Instructions for the task: Set down exact lines only, from the line with "Kaart met locatie Huurwoning Groenstraat" through the last line of the material below, with every picture left out.

Supplied data:
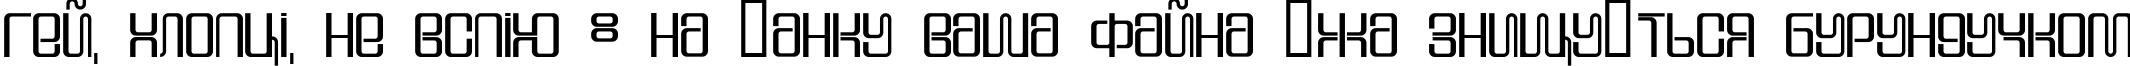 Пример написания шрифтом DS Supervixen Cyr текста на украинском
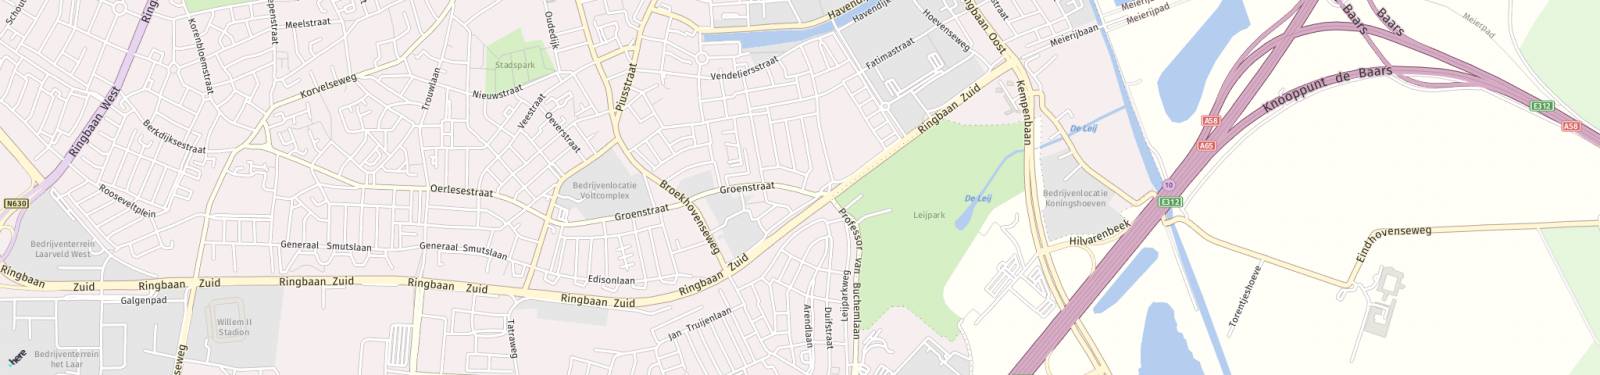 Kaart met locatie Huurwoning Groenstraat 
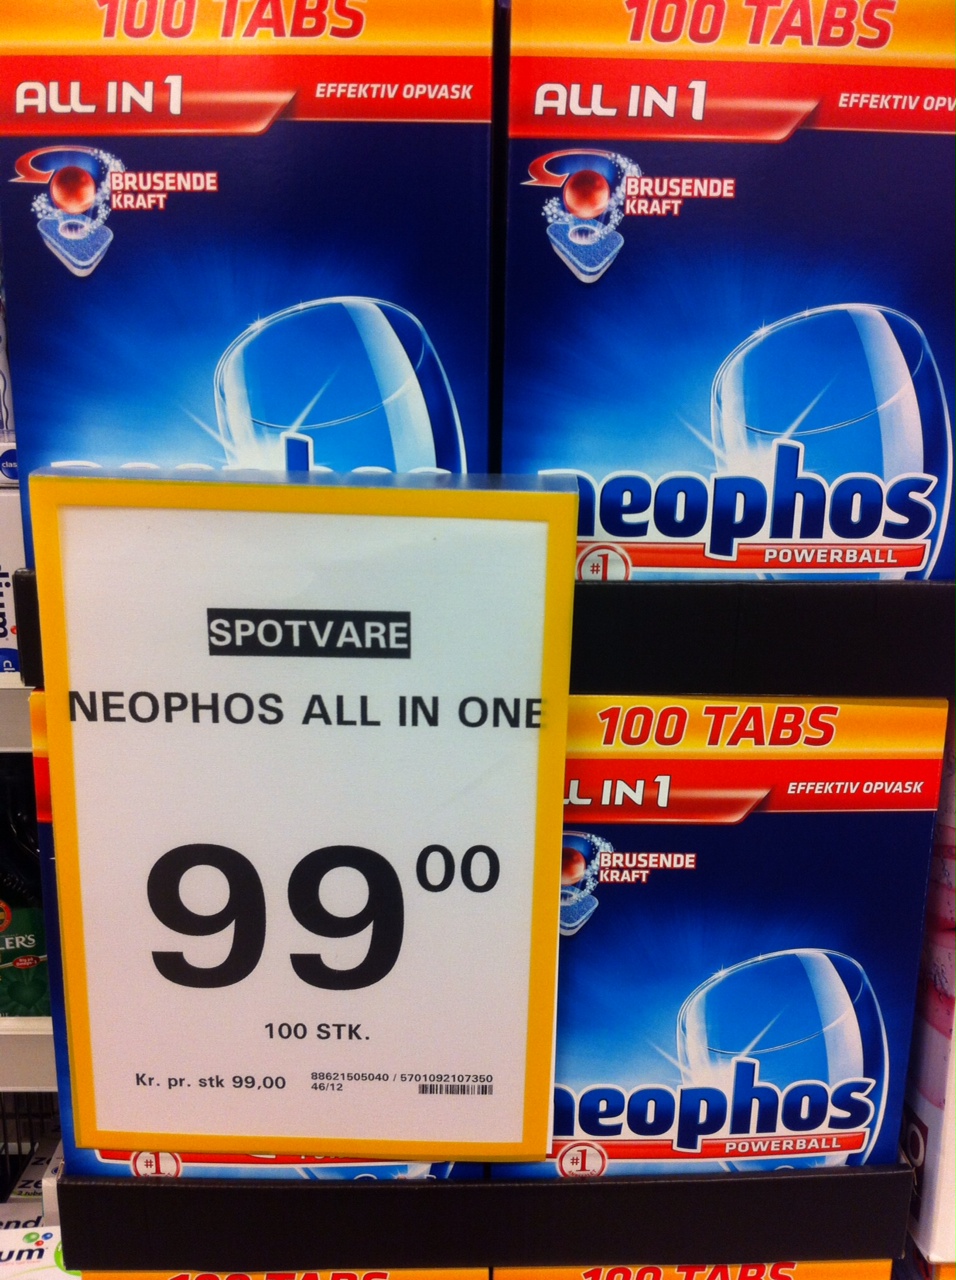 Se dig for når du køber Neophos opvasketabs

Result of this exercise:
 Kaart met locatie Huurwoning Groenstraat 
 Se dig for når du køber Neophos opvasketabs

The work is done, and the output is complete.